In early July, I attended the ISMB 2018 meeting, a computational biology-focused meeting held by the International Society for Computational Biology (ISCB). The meeting was held in the beautiful Hyatt Regency hotel in downtown Chicago, just across the street from the river and blocks from Navy Pier and Lakeshore Drive.
ISMB 2018 was a huge meeting, with at least 1500 attendees and up to ten parallel meeting tracks (called “COSIs” in ISCB parlance) at any one time. The meeting was so big I always felt as if I was missing something good, no matter which talk I went to (except for the keynotes, where nothing else was happening).
Here is Steven Salzberg’s excellent keynote on a historical overview of finding genes in the human genome:
Obviously, at a meeting this large, one cannot explore more than a tiny fraction of the talks and posters (but you can watch many of the ISMB2018 talks on youtube now if you’re interested).
I want to briefly summarize three talks that I particularly enjoyed and found very interesting:
1) Michael Seiler, H3 biomedicine. “Selective small molecule modulation of splicing in cancer”
Up to 60% of hematologic neoplasms (CLL/AML/MDS) contain heterozygous hotspot mutations in key splicing factor genes involved with 3′ splice site recognition. One such gene is SF3B1, an RNA splicing factor, which is recurrently mutated around the HEAT repeats. The cryo-EM structure of SF3B1 revealed the mutations cluster in the premRNA-interacting region. All of the observed mutations lead to alternate 3′ splice sites being chosen during splicing; so-called “cryptic 3′ splice sites (AG)”. In particular, the K700E mutant slips the spliceosome upstream to an internal AG almost 18 nucleotides from the proper splice site.
RNA-seq of 200 CLL patients helped to discover further in-frame delections in SF3B1, SRSF2, and URAF1. All of these mutations are HET, and the cells rely on the WT copy for survival.
Seiler asked the question whether one could exploit this weakness to attack cancer cells? The idea is to modulate activity of SF3B1 using small molecules to disturb the WT function. At H3 they took a natural product compound library and optimized for chemistry and binding to find candidates. One molecule, H3B-8800, showed promise. The compound was optimized toward selective induction of apoptosis in SF3B1 mutant cells in vitro. When resistance mutations occur, they are all at points of contact with the drug. At only 13 nM dose, around 1% of splicing events were affected which was enough to cause lethality to the cancer cell. RNA-seq demonstrated that it was mainly the spliceosome genes themselves that were affected by the alternate splicing in the presence of the inhibitor. This demonstrated a delicate feedback loop between correct splicing and spliceosome gene expression.
2) Curtis Huttenhower, Harvard University. “Methods for multi-omics in microbial community population studies”
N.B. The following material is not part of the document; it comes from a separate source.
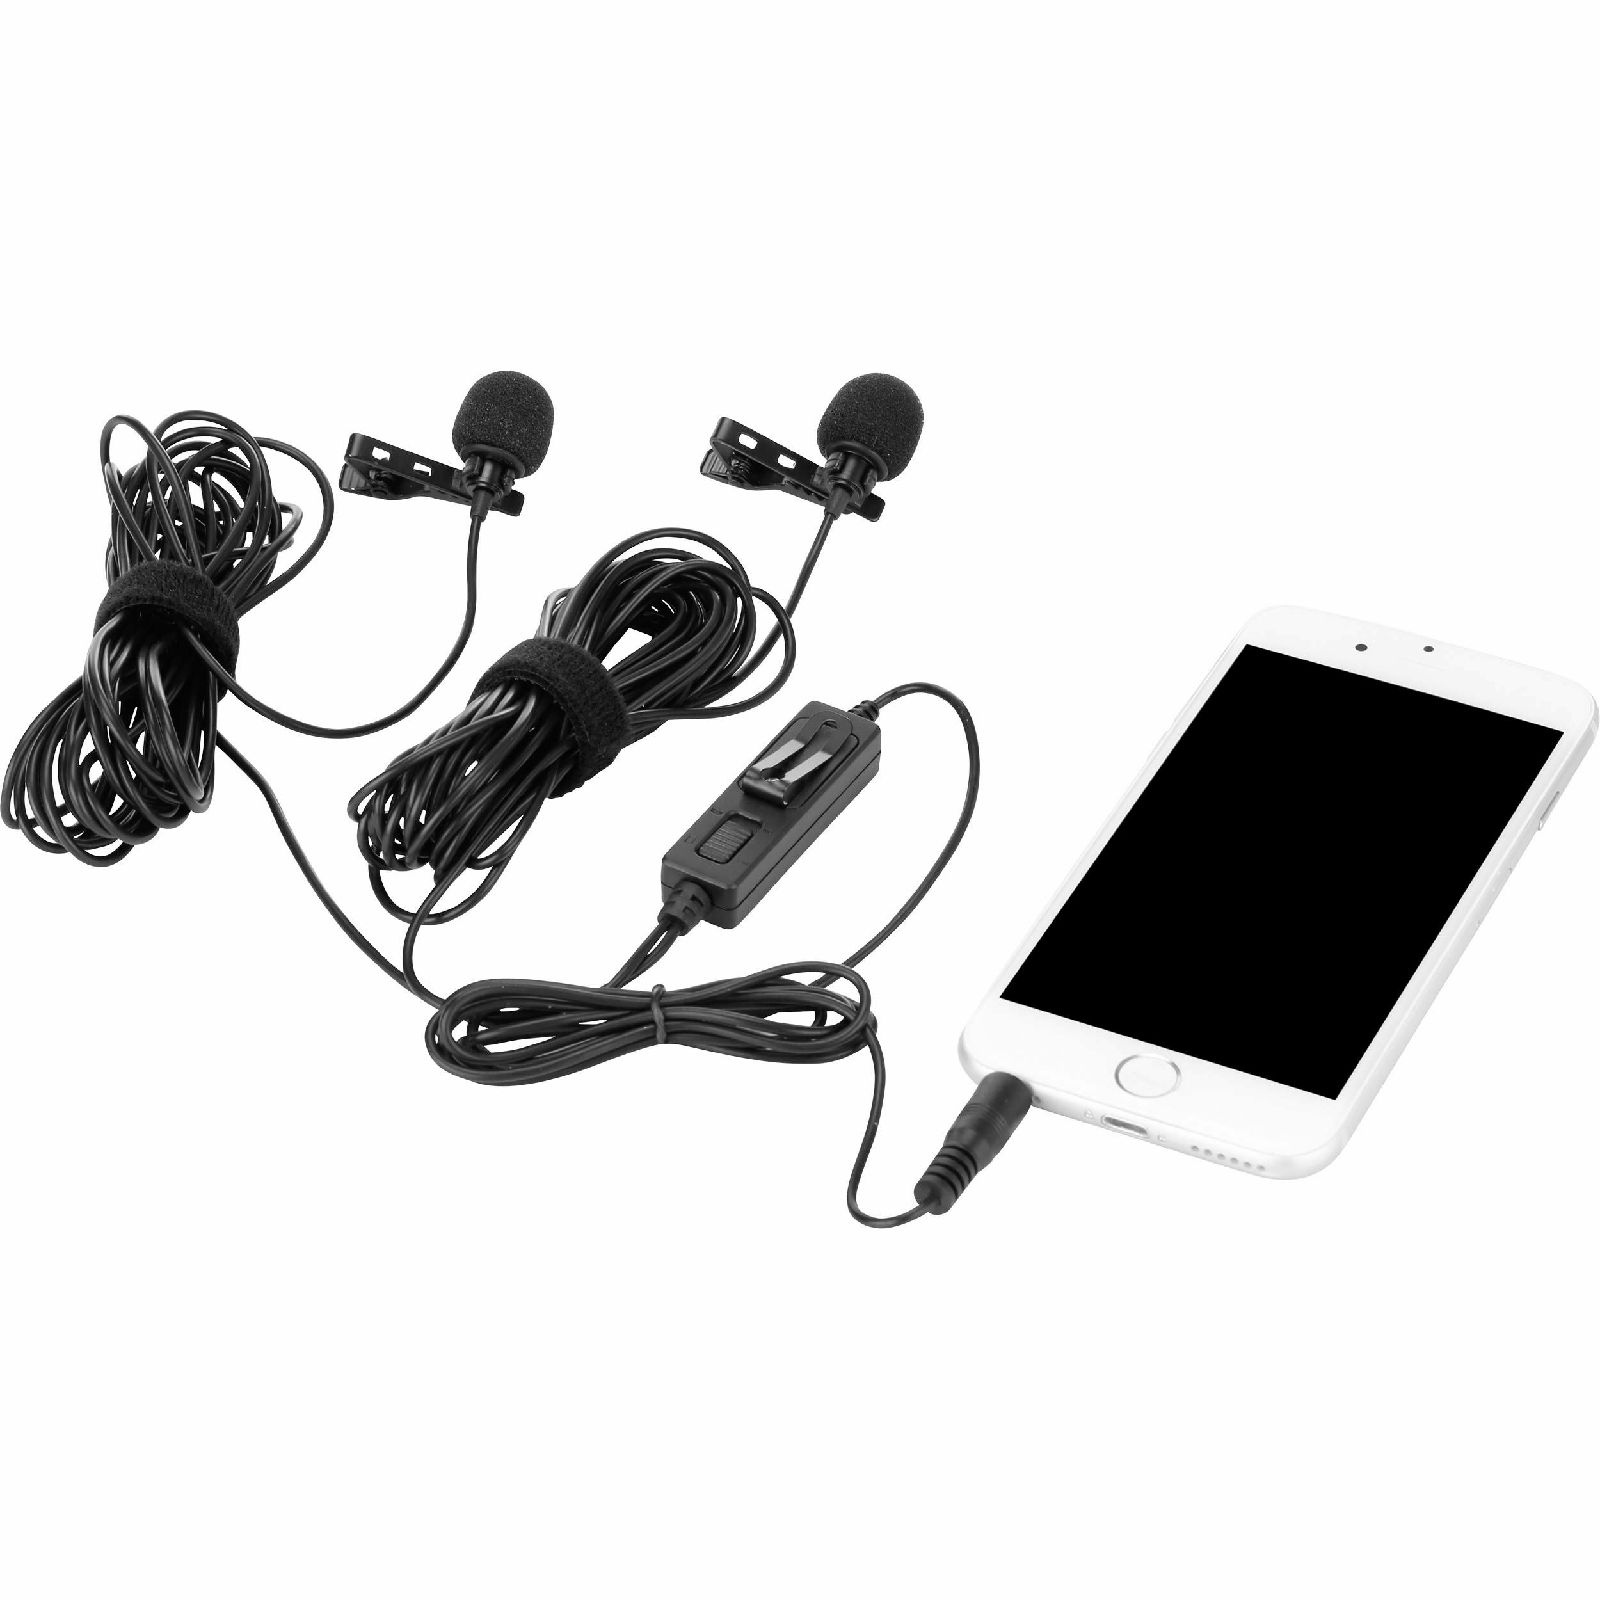 Saramonic LavMicro 2M Lavalier Microphone with 2 Microphone Capsules and Mic clips for DSLR Camera, Camcorder,Smartphone and Audio Recorder

Huttenhower’s group at Harvard is well known for their contributions to methods for microbiome analysis, collectively known as the “biobakery.” In this talk, Huttenhower addressed the fact that the microbiome is increasingly of interest when looking at population heath, and that chronic immune disease incidence is rising around the world over the last few decades.
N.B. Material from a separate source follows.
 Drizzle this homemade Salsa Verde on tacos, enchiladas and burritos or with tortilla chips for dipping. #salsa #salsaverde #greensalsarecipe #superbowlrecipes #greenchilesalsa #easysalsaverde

Huttenhower also spent a good amount of time describing the IBD-MDB, the inflammatory bowel disease multi ‘omics database. The database contains ~200 samples that are complete with six orthogonal datatypes, including RNA-seq, metagenome, and metabolome. He talked about how they can associate bacteria enriched in IBD with covariation in the prevalence of metabolites. For example, he showed how sphingolipids, carboximidic acids, cholesteryl esters and more are enriched while lactones, beta-diketones, and others are depleted in the guts of crohns disease suffers.
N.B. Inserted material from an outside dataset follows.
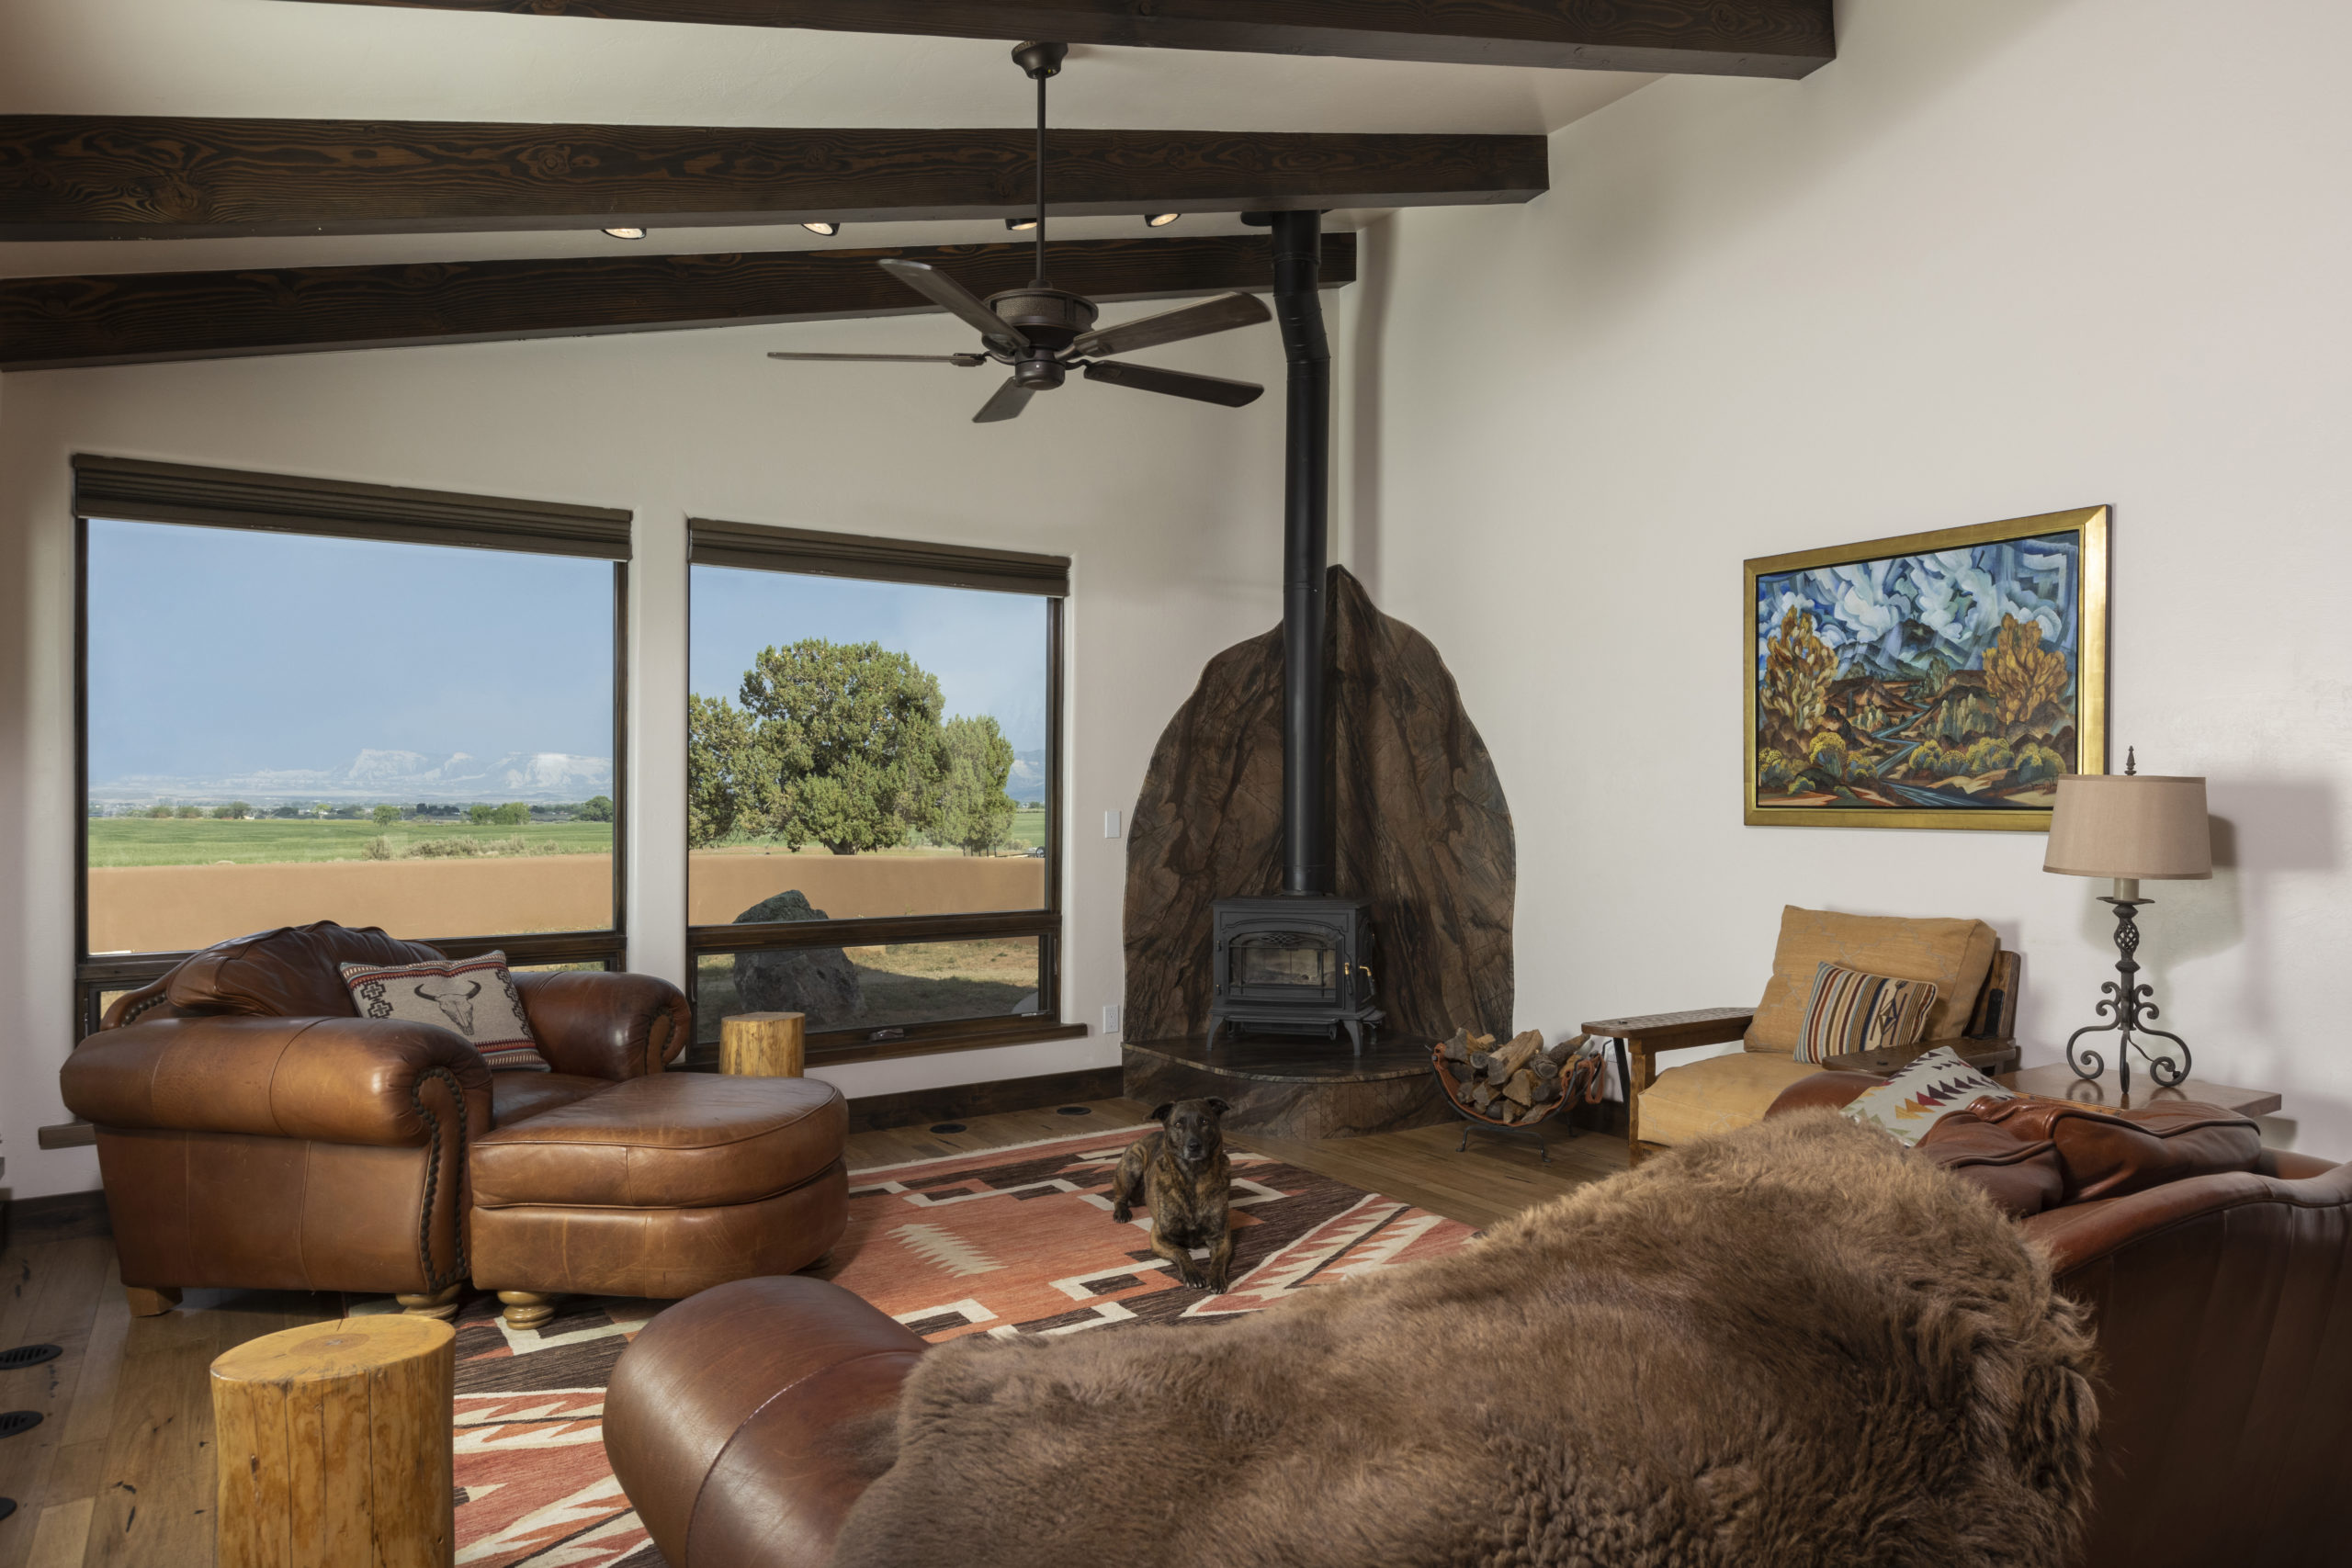 Living room with mountain views and custom stone fireplace surround, wood burning stove

3) Olga Troyanskaya, Princeton University. “ML approaches for the data-driven study of human disease”
Troyanskaya’s group at Princeton aims to develop accurate models of the complex processes underlying cellular function. In this talk, she described efforts in her lab to use machine learning methods to understand how single nucleotide changes (SNPs) in non-coding regions can affect gene regulation and expression. She is also interested in how pathways and networks change in different tissues and whether tissue-specific maps can be used to identify disease genes.
In particular, Dr. Troyanskaya described the “DeepSEA” software, which uses a convolution neural network (CNN) to attempt to predict the chromatin remodeling consequences of a SNP in a genomic context. The model is a three layer CNN that takes 1000 base pairs of sequence as input. The 1000 bp region is centered around known TF binding locations (200 bp bins). The training data consists of a length 919 vector that contains binary values for the presence of a TF binding event across the genome (1 = binds, 0 = does not bind). The output of the model is the probability that the specific sequence variant will affect TF binding at each of the 919 bins.
The DeepSEA model can be used to predict important sequence variants and even eQTLs for further study or to prioritize a list of known non-coding sequence variants.